The write off and the loss of iTi as a supplier for our DTX printers is certainly an unwelcomed event. However, we are working on alternatives to iTi as our supplier of printers and believe we have two viable options. We hope to be in the market with these printers in the first half of 2010 and plan to have one of our iTi manufactured machines placed at a beta site before the end of this year.
I am pleased that our sales are improving and particularly gratified by the progress of our IKONICS Acoustics and Photo-Machining initiatives, both of which are showing good sales. We are also in the process of doubling our Photo-Machining manufacturing capacity.
For the Board of Directors,
William C. Ulland Chairman, President & CEO
IKONICS Corporation
CONDENSED STATEMENTS OF OPERATIONS (Unaudited)
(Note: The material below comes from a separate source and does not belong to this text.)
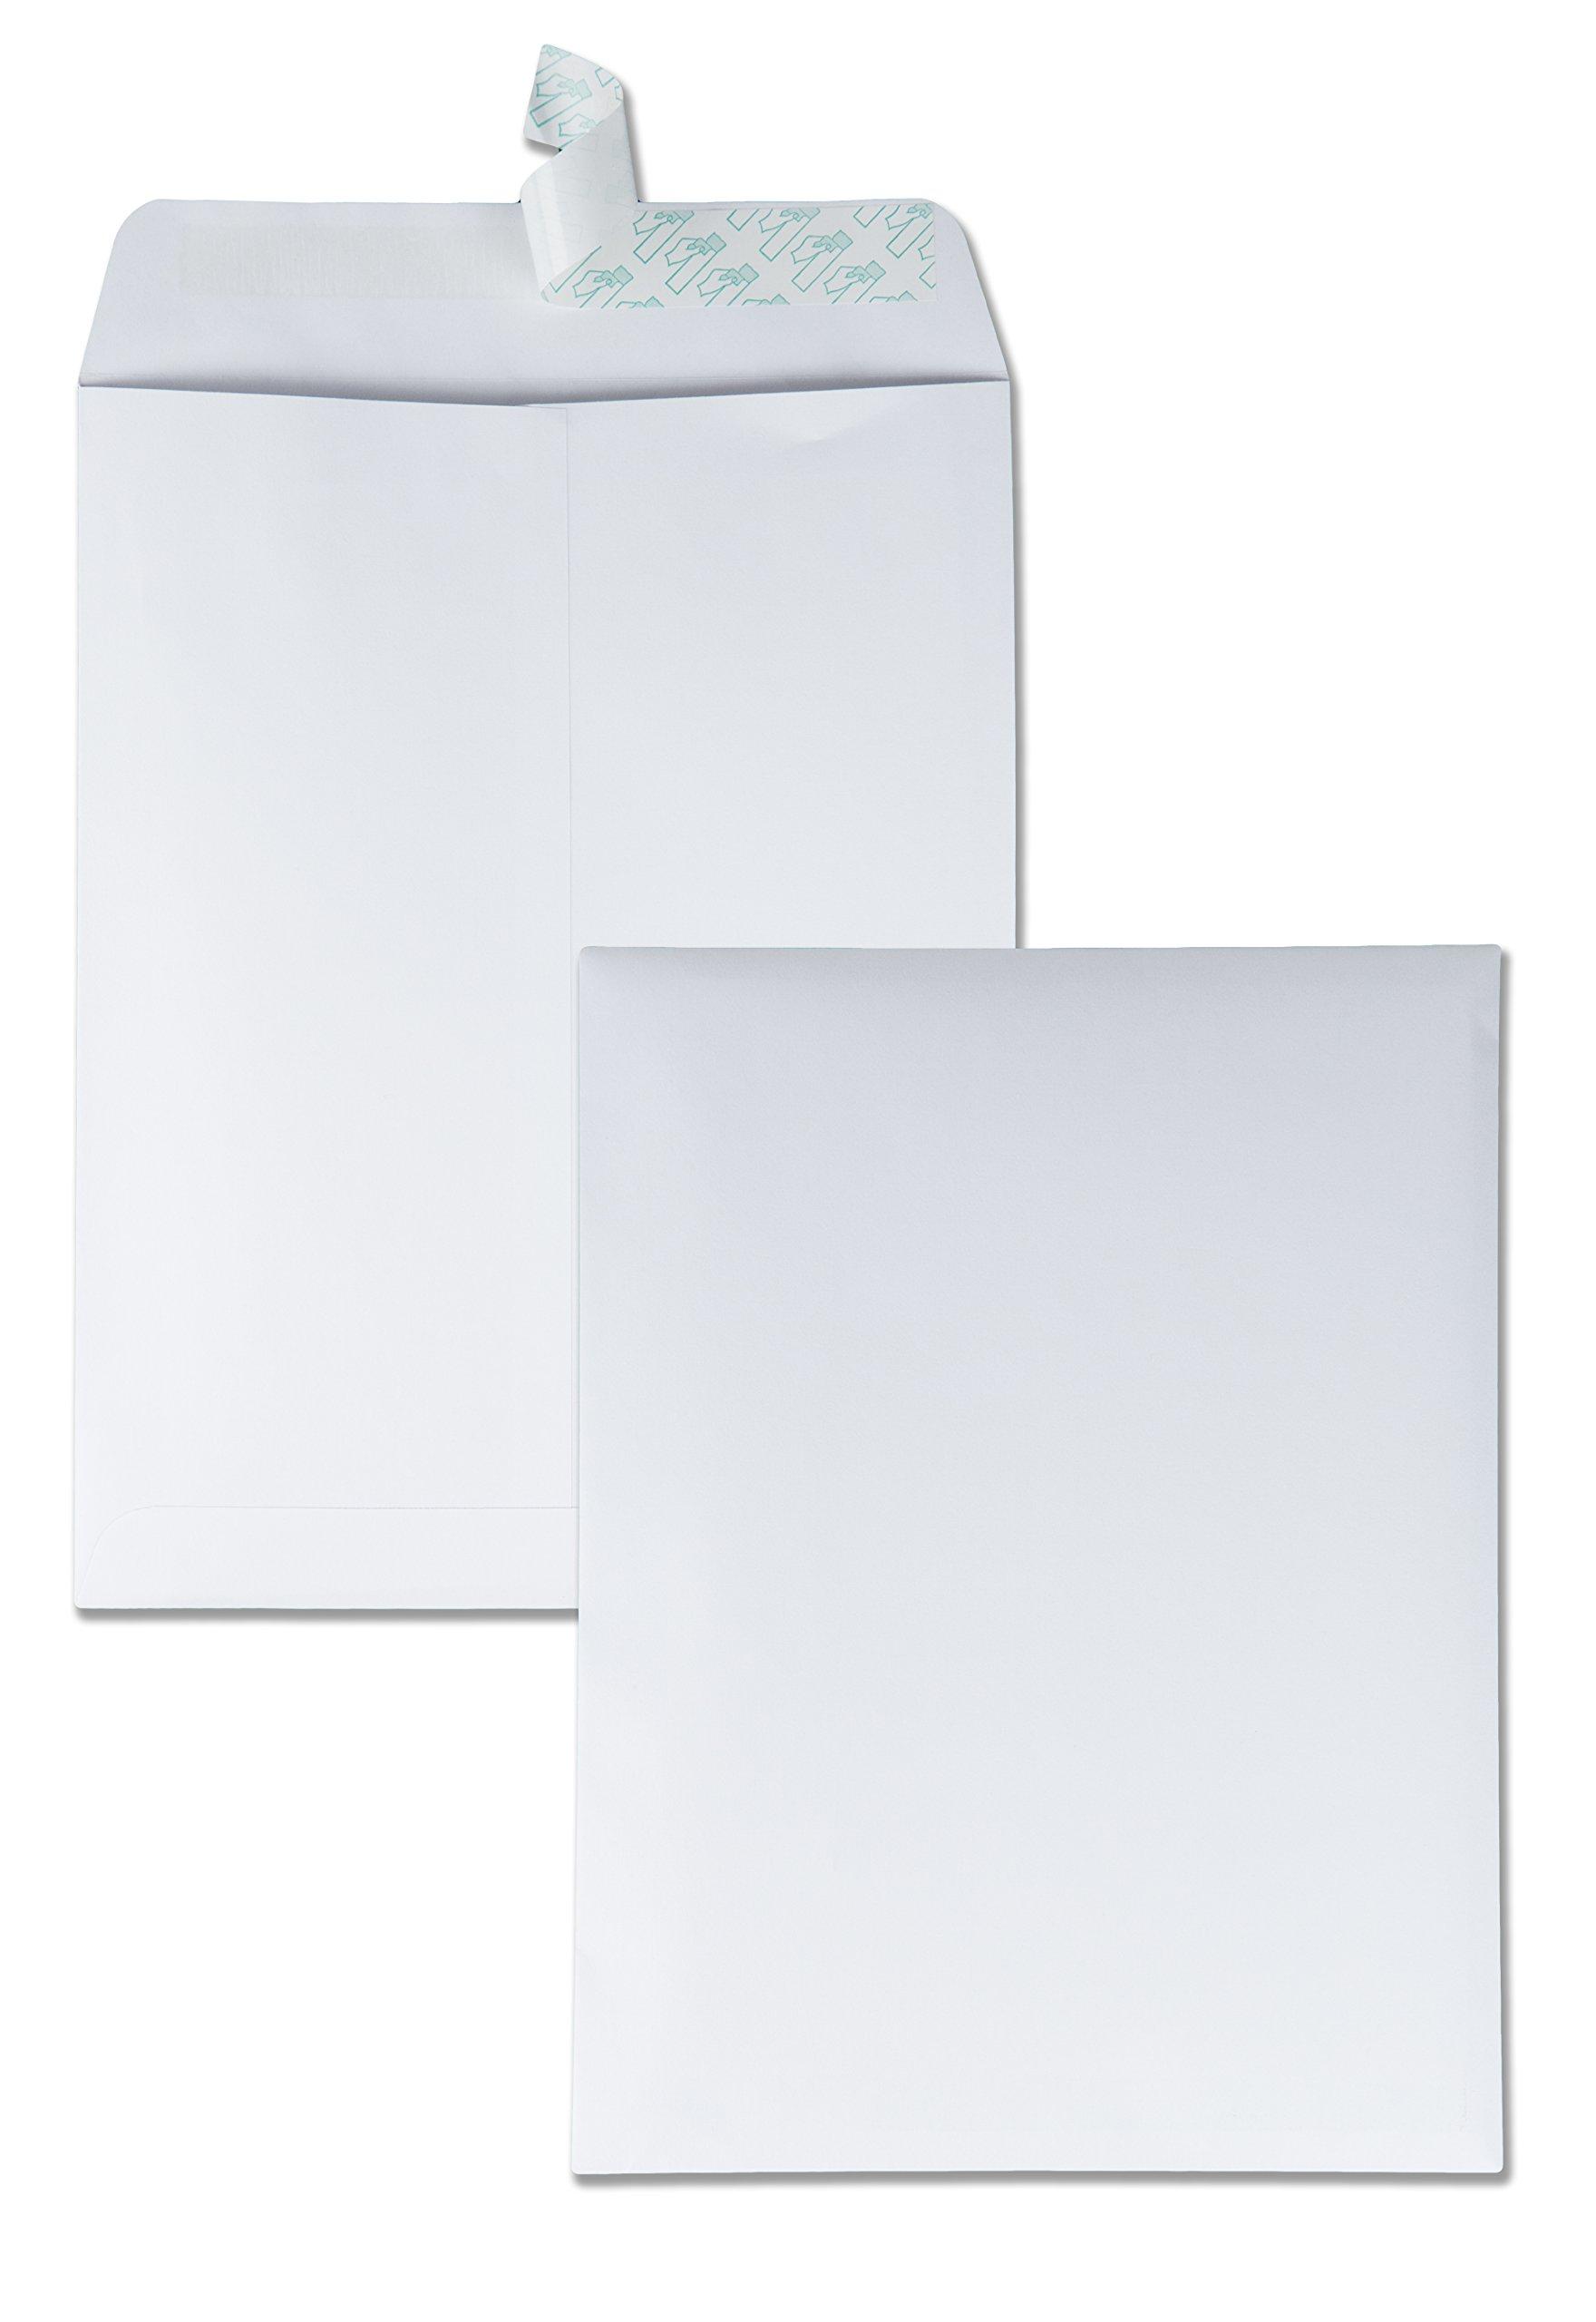 Quality Park 44682 Quality Park Redi-Strip Catalog Envelopes, 9-1/2x12-1/2, 28lb, White, 100/Box

For the Three Months and Nine Months Ended September 30, 2009 and 2008
Three Months Ended Nine Months Ended
09/30/09 09/30/08 09/30/09 09/30/08
Net sales $3,920,663 $3,832,783 $ 11,270,376 $11,943,690
Cost of goods sold 2,337,757 2,178,597 6,825,654 6,798,858
Gross profit 1,582,906 1,654,186 4,444,722 5,144,832
Operating expenses 1,266,276 1,406,983 3,906,972 4,311,623
Income from operations 316,630 247,203 537,750 833,209
Gain on sale of investment – 24,550 29,762 24,550
Loss on investment (918,951) – (918,951) –
Interest income 3,070 19,890 5,190 87,262
Income (loss) before income taxes (599,251) 291,643 (346,249) 945,021
Income tax expense 110,134 53,810 163,253 243,113
Net income (loss) $ (709,385) $ 237,833 $ (509,502) $ 701,908
Earnings per common share-diluted $ (0.36) $ 0.11 $ (0.26) $ 0.34
Average shares outstanding-diluted 1,967,057 2,073,925 1,975,911 2,070,134
CONDENSED BALANCE SHEETS
As of September 30, 2009 and December 31, 2008
09/30/09 12/31/08
(Unaudited)
Assets
Current assets $ 5,920,080 $ 5,562,130
Property, plant and equipment, net 5,345,301 5,602,063
Investment in non-marketable
equity securities – 918,951
Intangible assets 357,619 403,285
$11,623,000 $12,486,429
Liabilities and Stockholders’ Equity
Current liabilities $ 627,682 $ 909,789
Deferred income taxes 178,000 143,000
Long term debt – –
Stockholders’ equity 10,817,318 11,433,640
$11,623,000 $12,486,429
CONDENSED STATEMENTS OF CASH FLOW (Unaudited)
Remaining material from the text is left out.